Your instructions: Write out exactly the lines below starting at the one containing "EO laboratorie Крем" and ending at the one containing "vedbo fauteuil met". Omit every picture.

Source records:
BEGIN
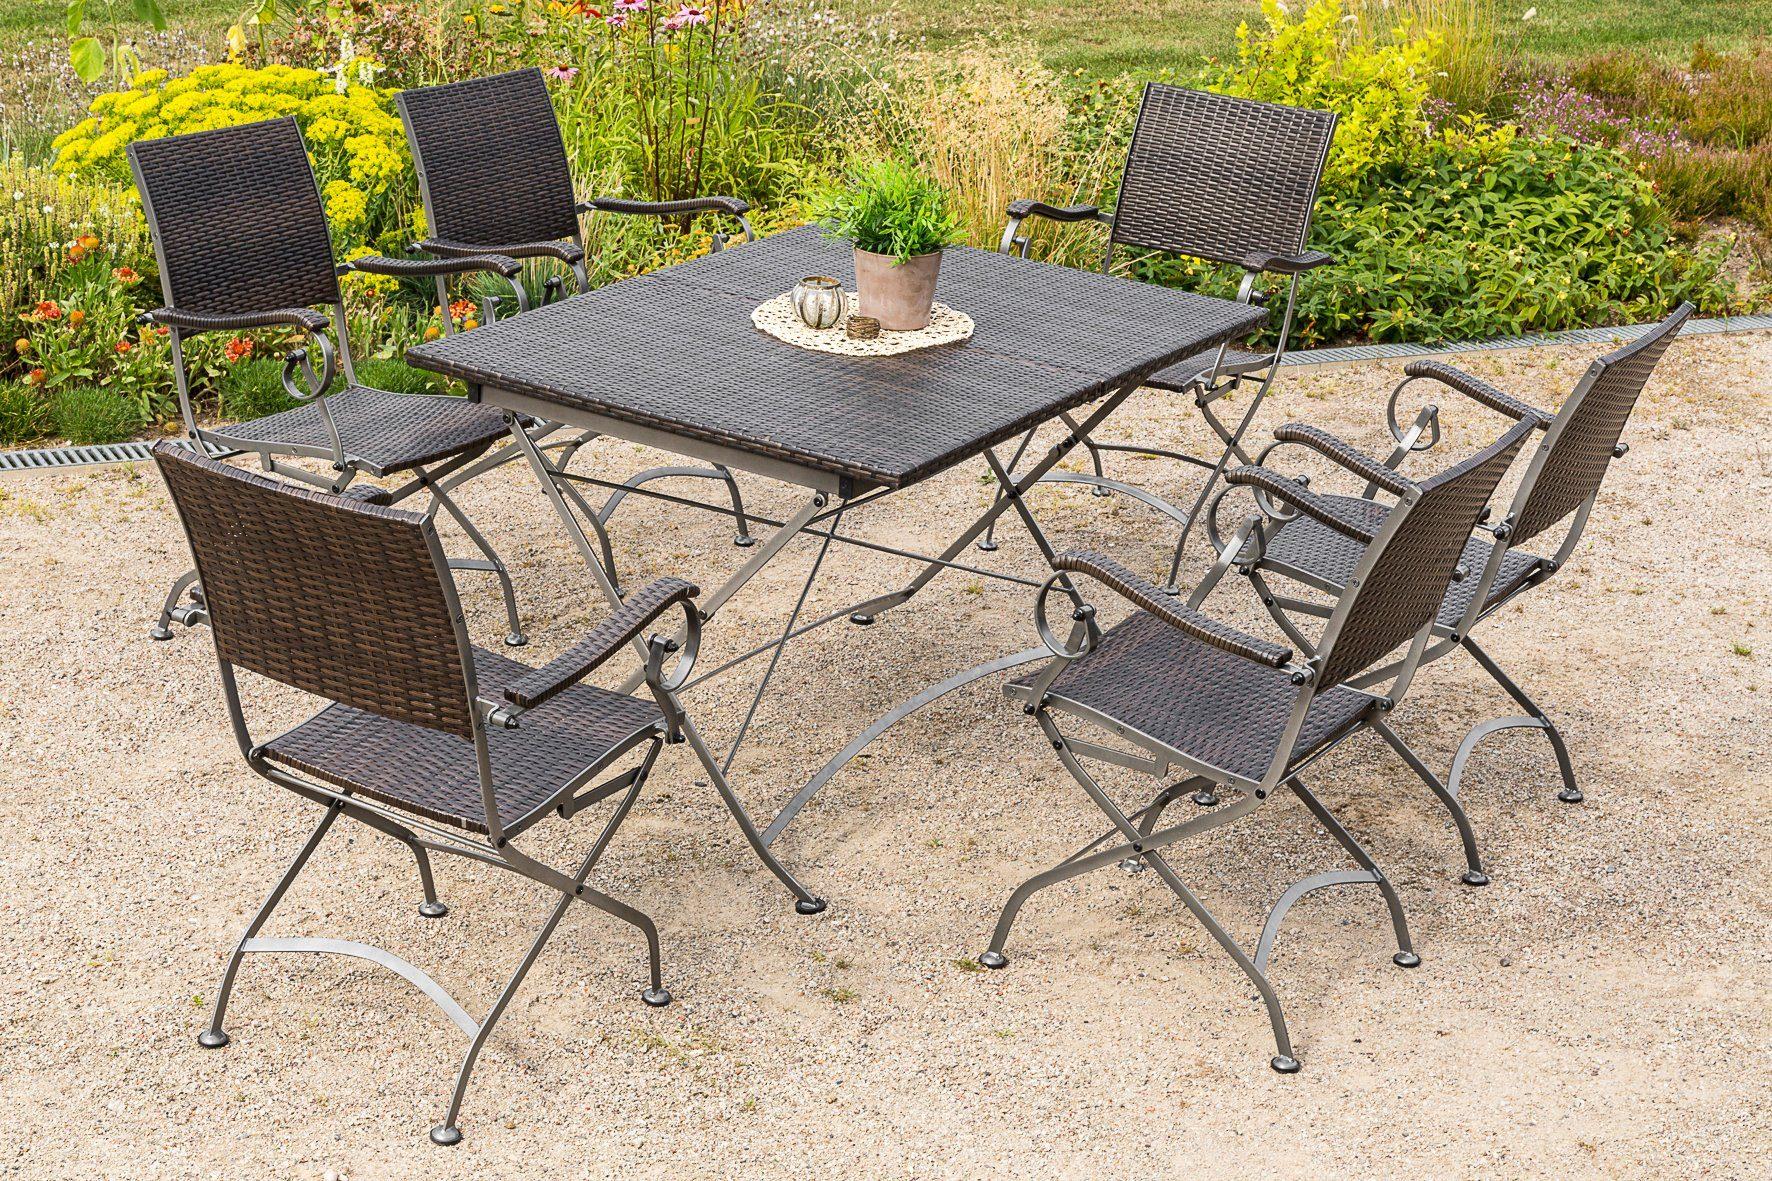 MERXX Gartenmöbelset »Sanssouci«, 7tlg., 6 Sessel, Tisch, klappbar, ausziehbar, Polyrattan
END
BEGIN
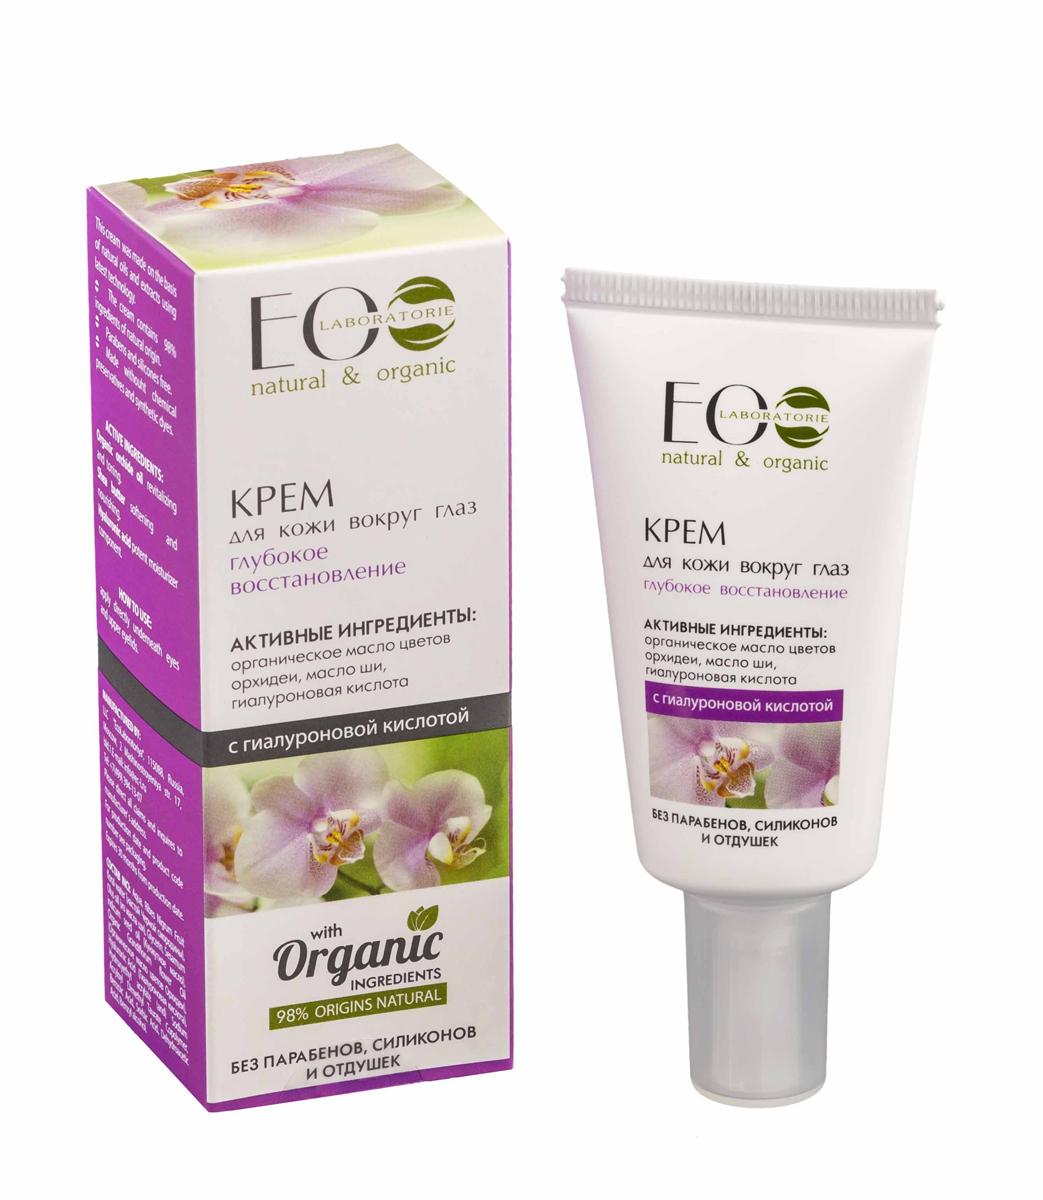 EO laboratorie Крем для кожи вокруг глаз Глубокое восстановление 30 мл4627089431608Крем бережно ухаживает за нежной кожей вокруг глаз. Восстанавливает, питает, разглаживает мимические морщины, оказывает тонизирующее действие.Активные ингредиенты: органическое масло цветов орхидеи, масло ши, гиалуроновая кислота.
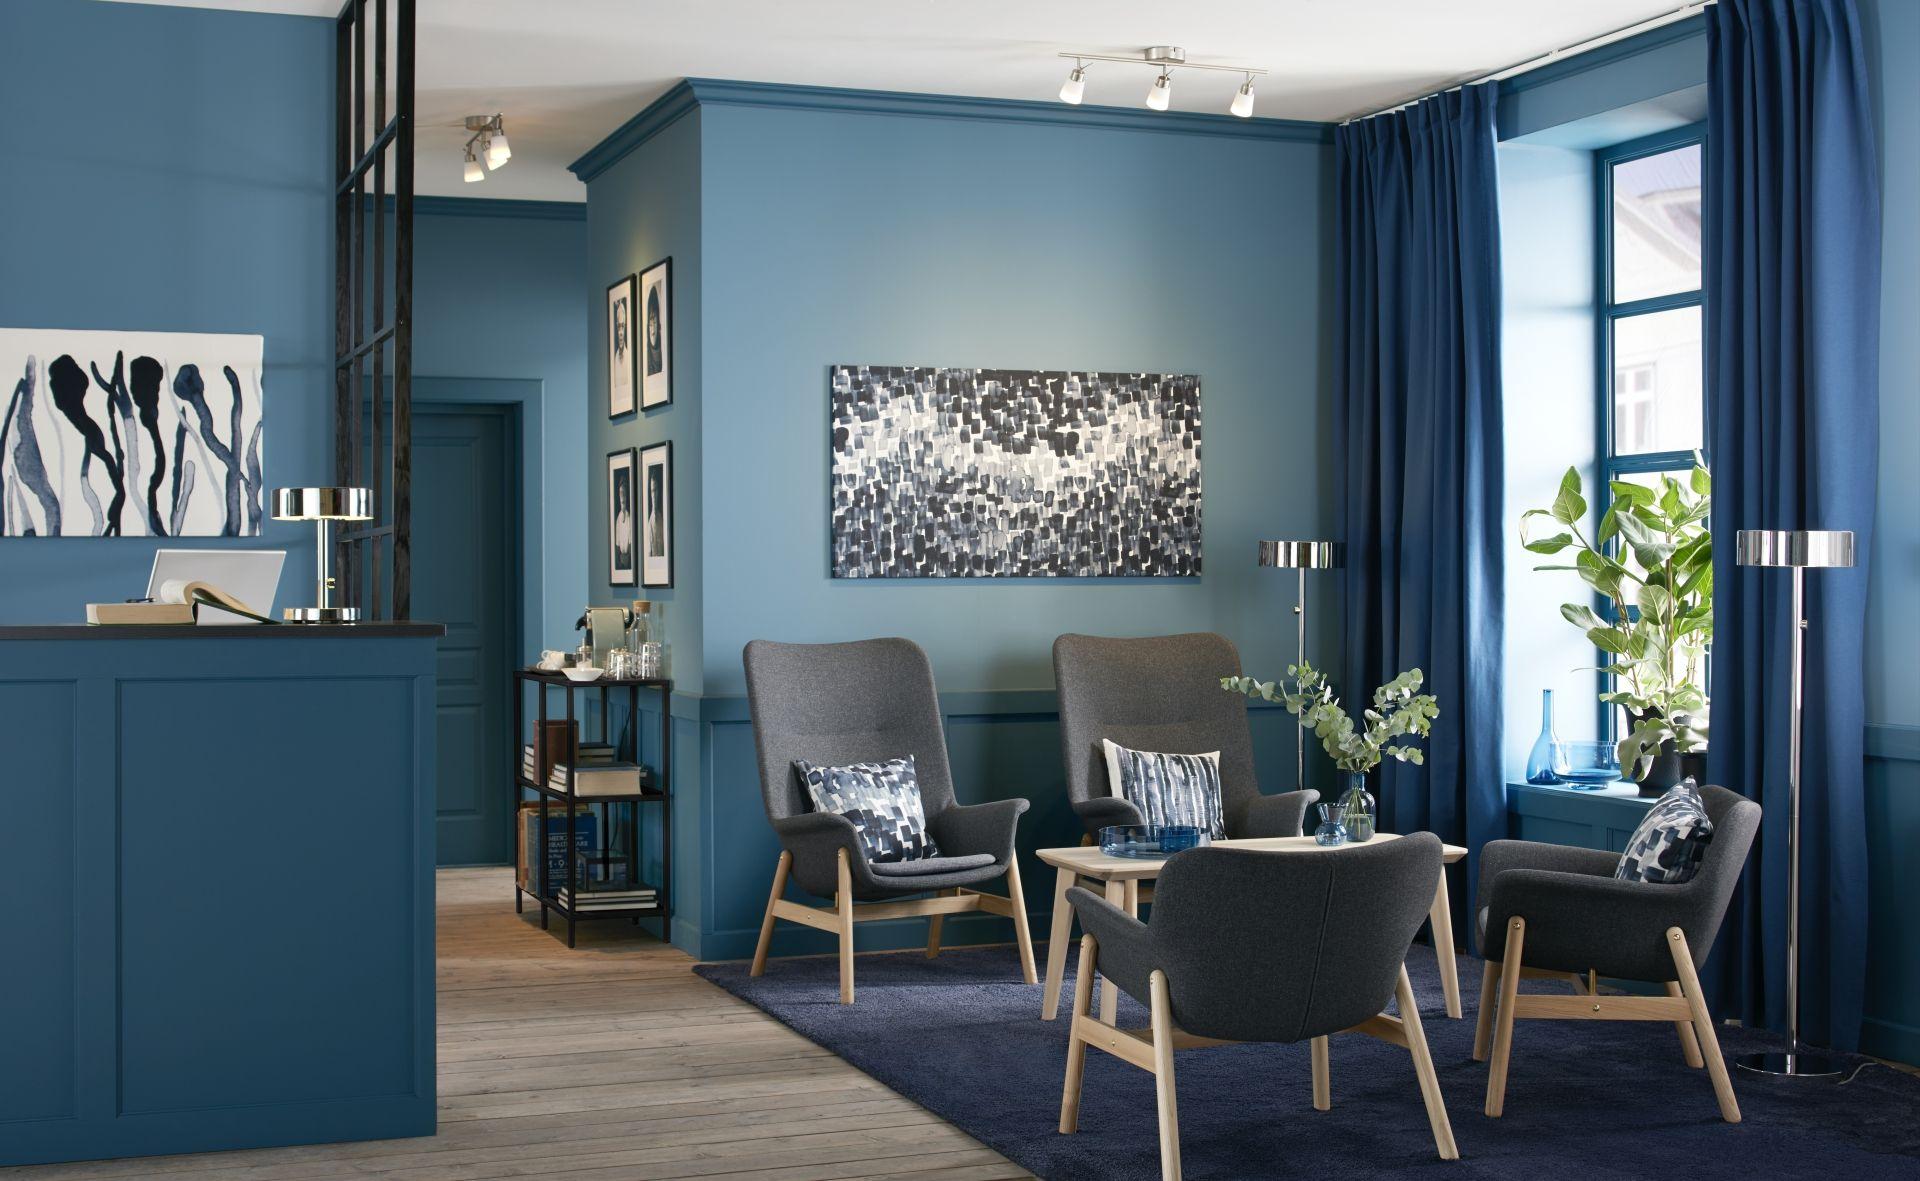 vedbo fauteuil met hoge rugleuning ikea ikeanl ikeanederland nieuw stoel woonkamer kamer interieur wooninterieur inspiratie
END
BEGIN
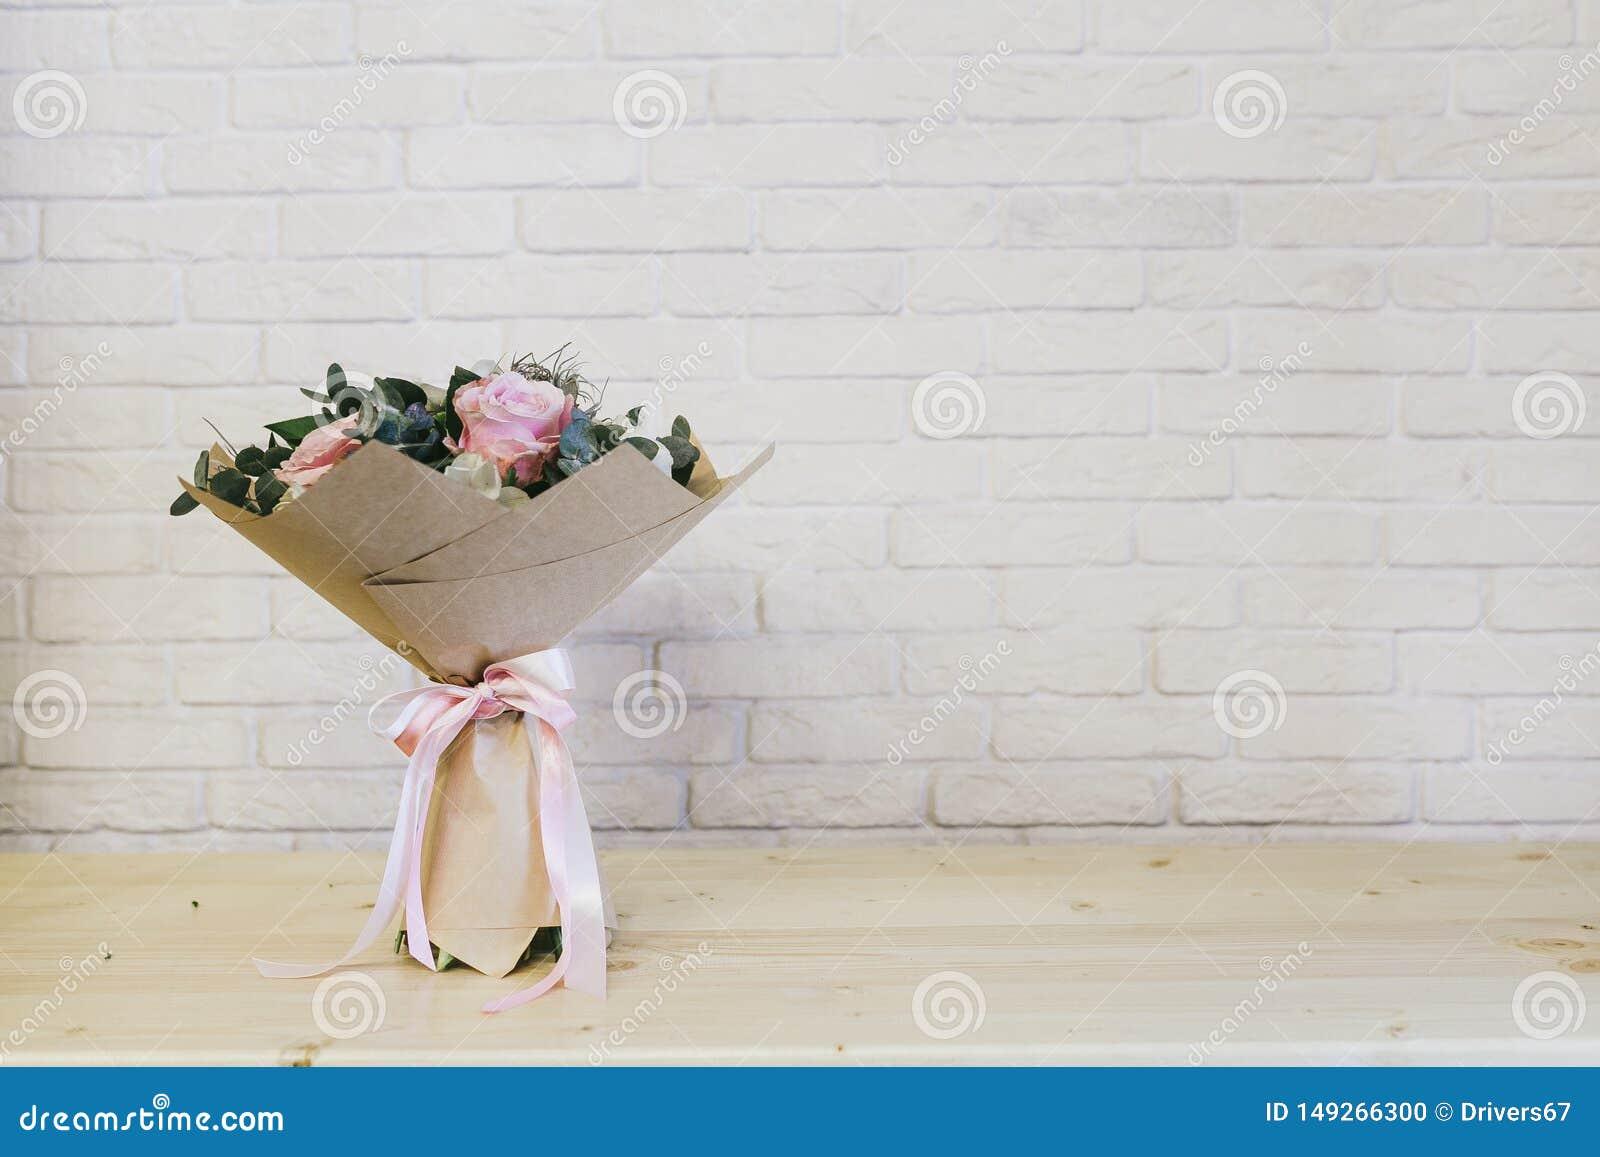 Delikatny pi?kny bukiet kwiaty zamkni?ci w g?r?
END
Response:
 EO laboratorie Крем для кожи вокруг глаз Глубокое восстановление 30 мл4627089431608Крем бережно ухаживает за нежной кожей вокруг глаз. Восстанавливает, питает, разглаживает мимические морщины, оказывает тонизирующее действие.Активные ингредиенты: органическое масло цветов орхидеи, масло ши, гиалуроновая кислота.
 vedbo fauteuil met hoge rugleuning ikea ikeanl ikeanederland nieuw stoel woonkamer kamer interieur wooninterieur inspiratie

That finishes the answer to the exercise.